PROBLEM —
Transcribe the listing in full, excluding any pictures.

---------- SUPPLIED INFORMATION

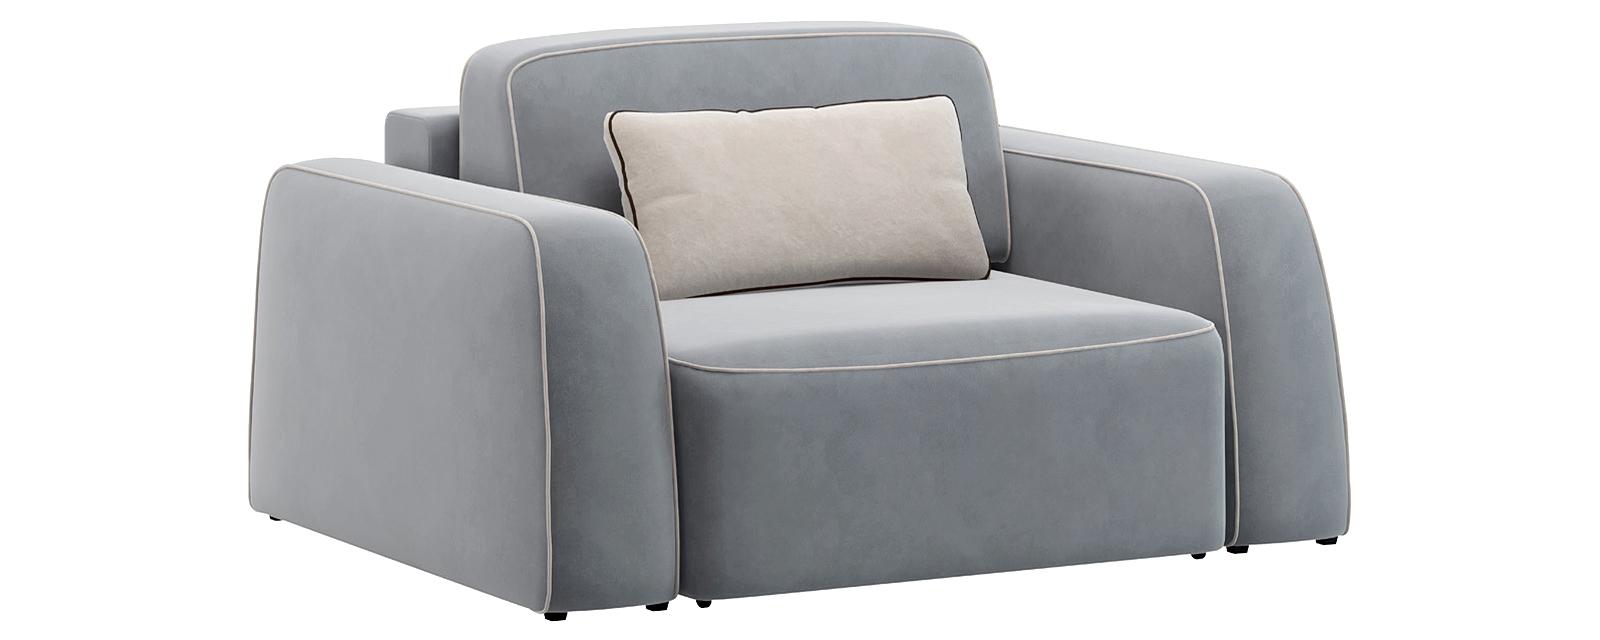 Кресло тканевое Портленд 100 см Velutto серый/бежевый (Велюр)
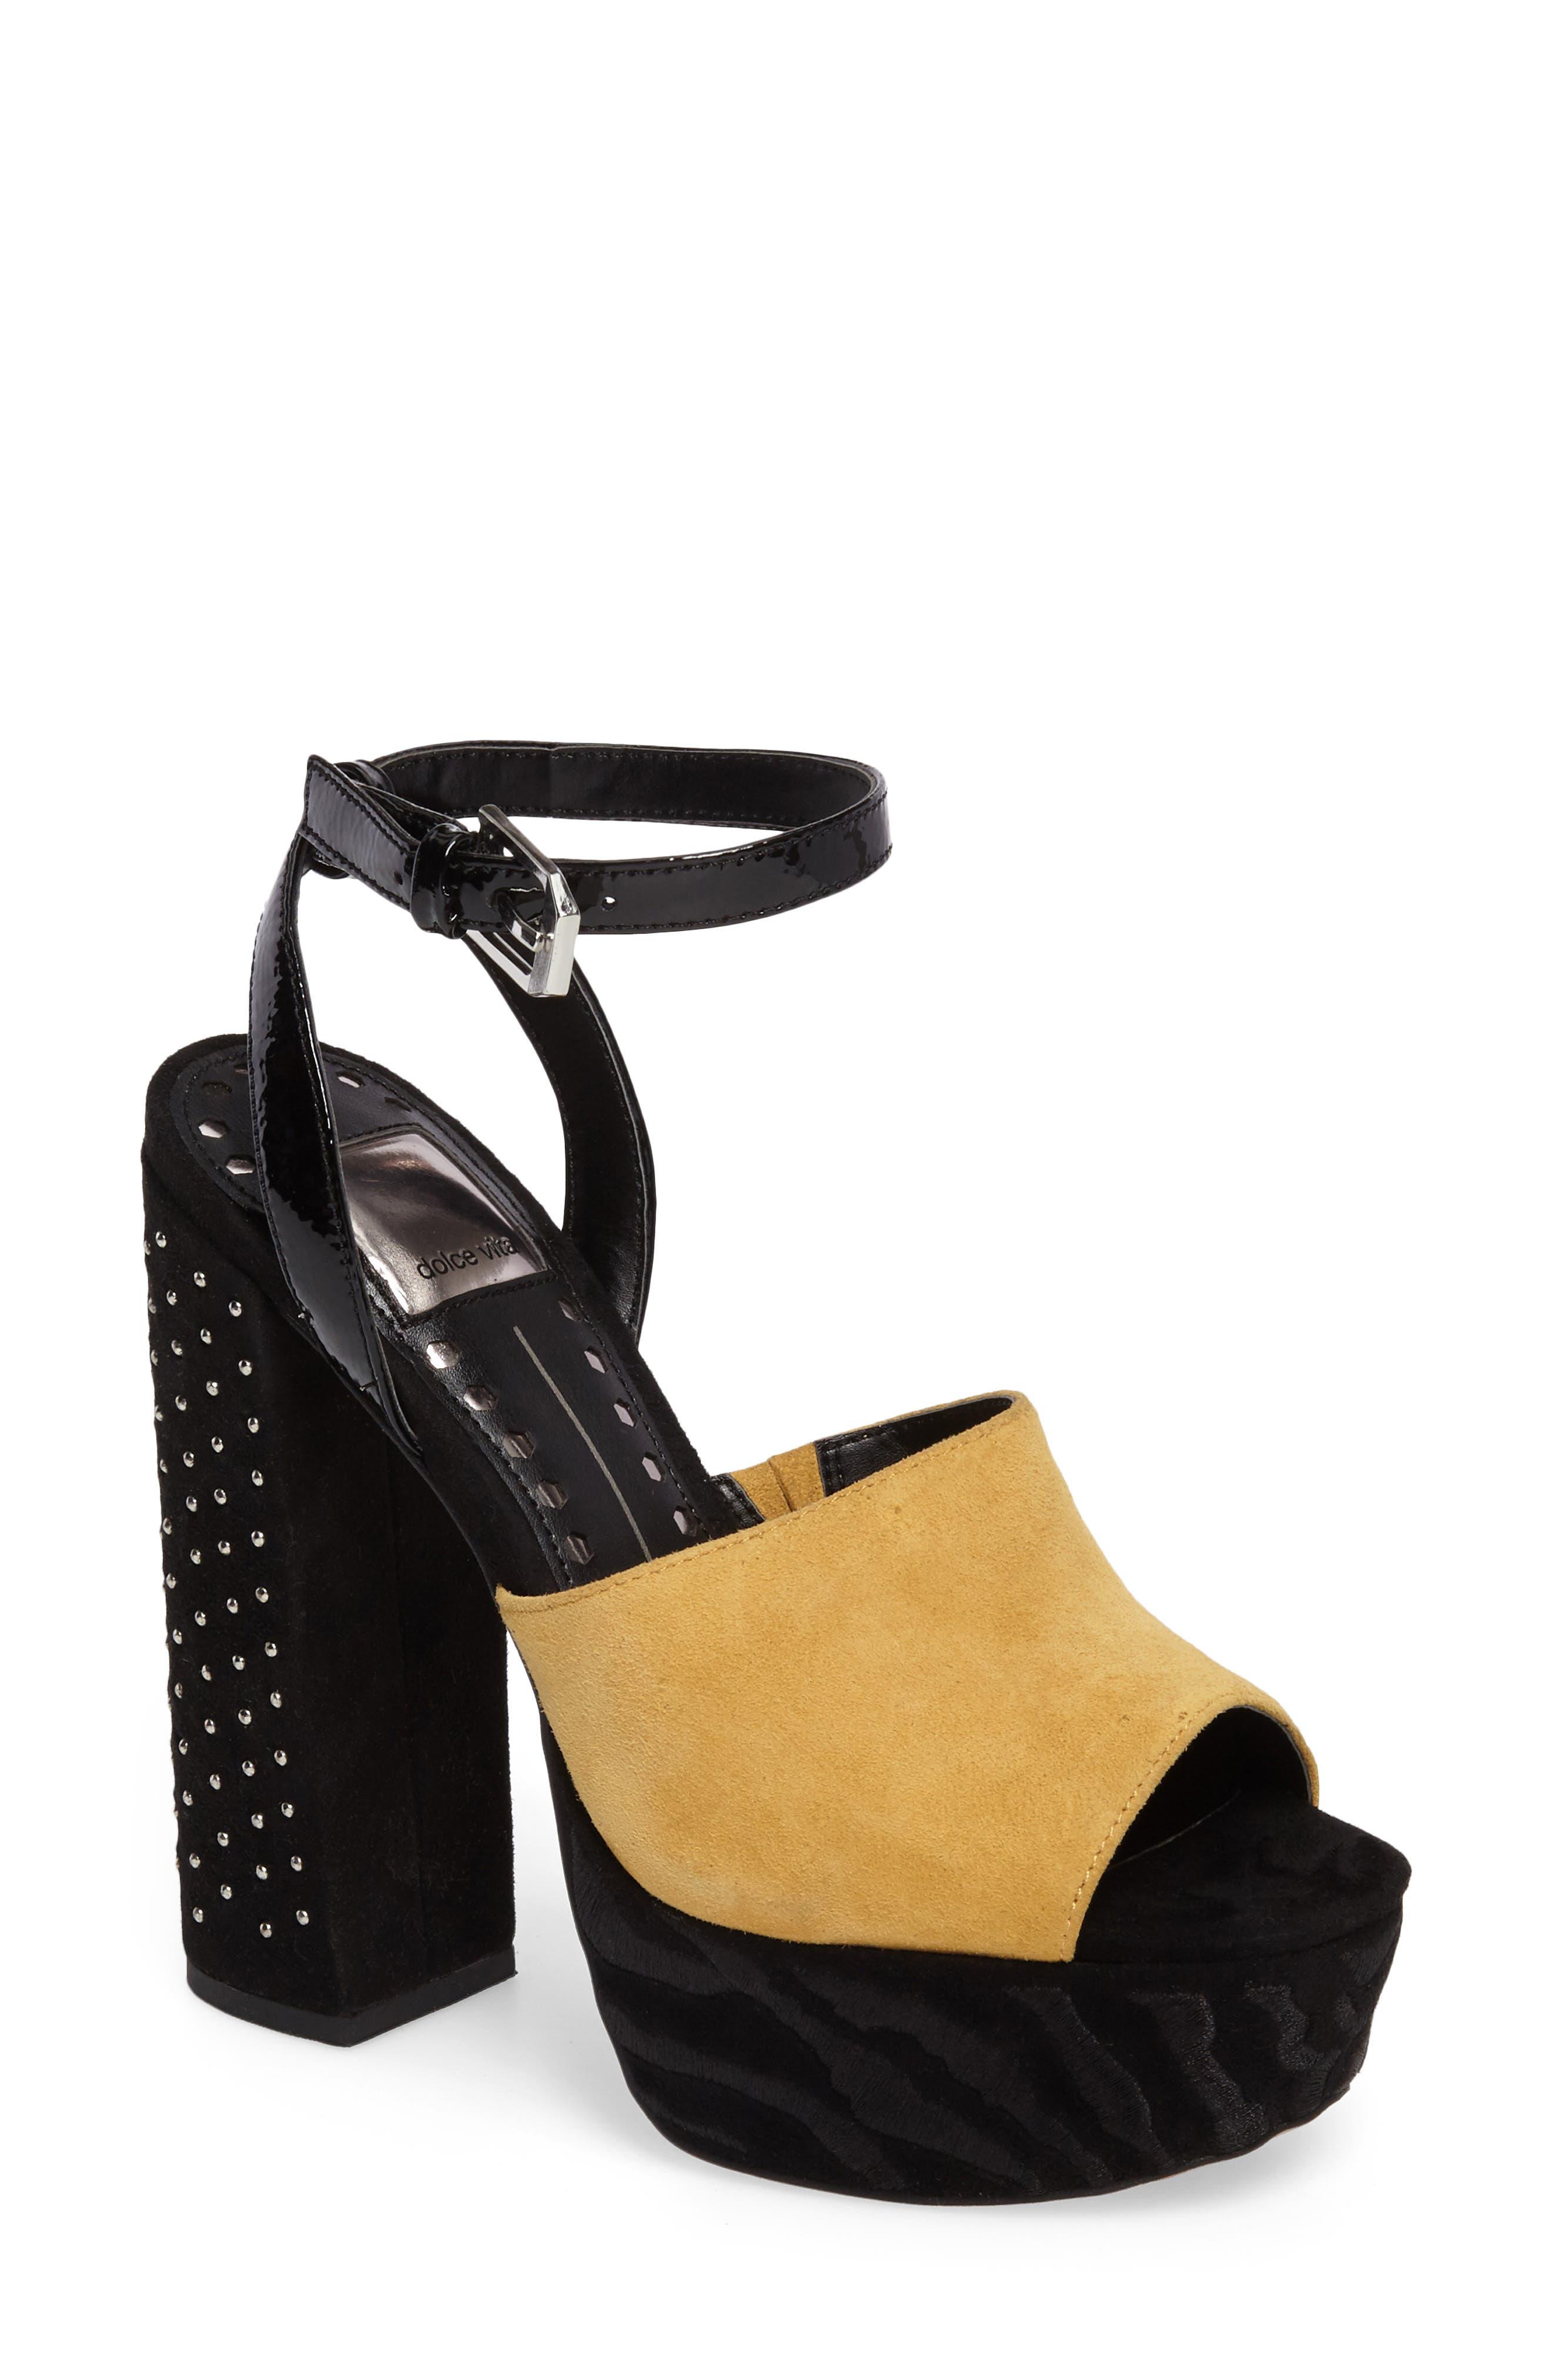 Main Image - Dolce Vita Platform Sandal (Women)
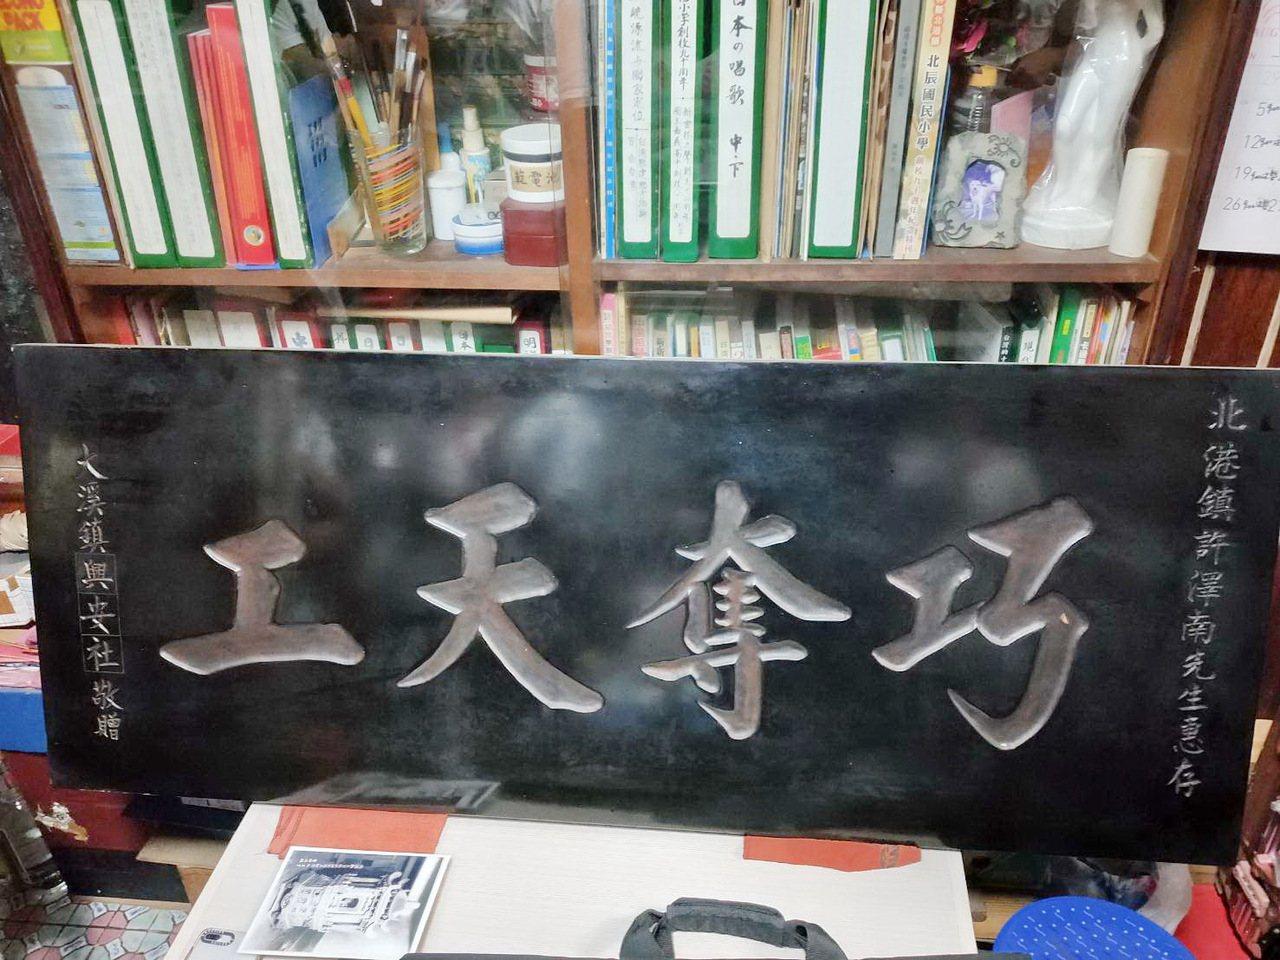 北港鎮神轎大師許澤南家中舊匾證明他才是桃園大溪興安社一座珍貴木雕神轎作者,因緣際...
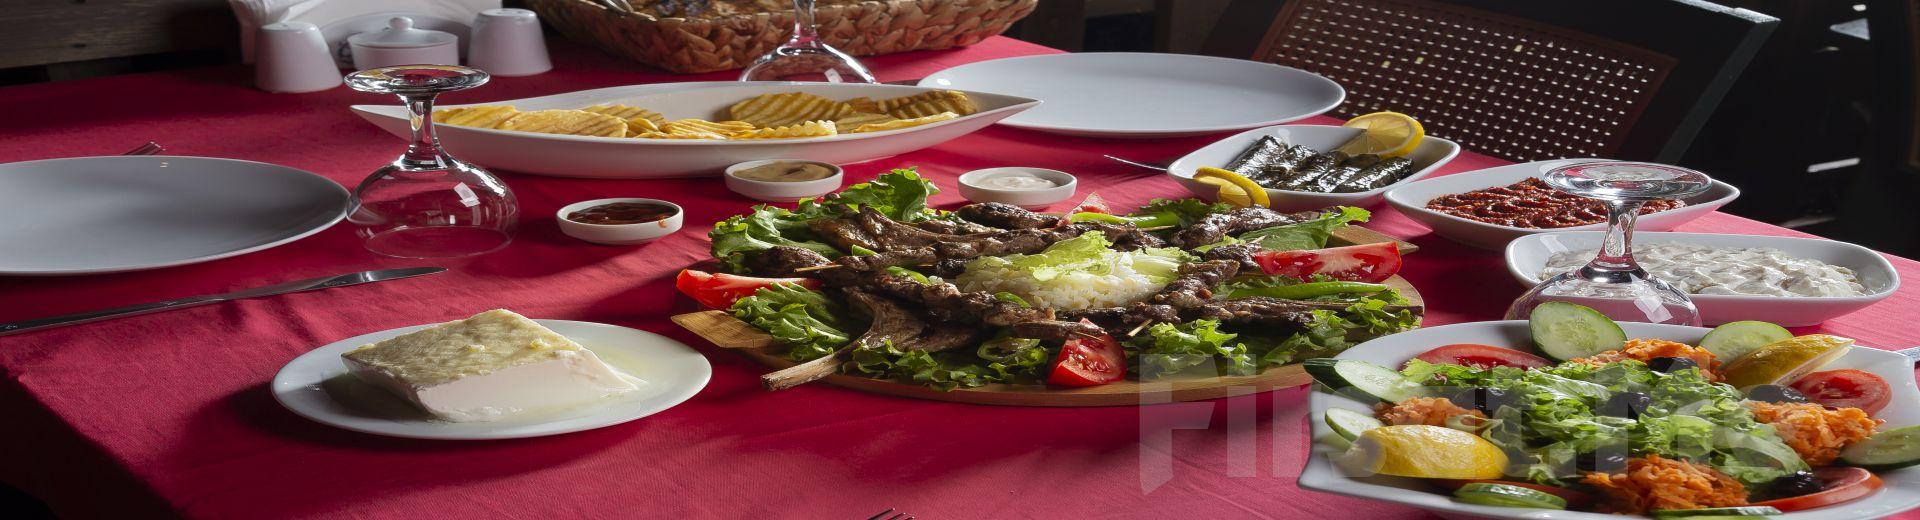 Riva Huzur Bahçesi'nde Nehir Manzarası Eşliğinde Mangal Menü

--------------------

RESULT FOR THIS EXERCISE —
 Кресло тканевое Портленд 100 см Velutto серый/бежевый (Велюр)
 Main Image - Dolce Vita Platform Sandal (Women)
 北港鎮神轎大師許澤南家中舊匾證明他才是桃園大溪興安社一座珍貴木雕神轎作者,因緣際...
 Riva Huzur Bahçesi'nde Nehir Manzarası Eşliğinde Mangal Menü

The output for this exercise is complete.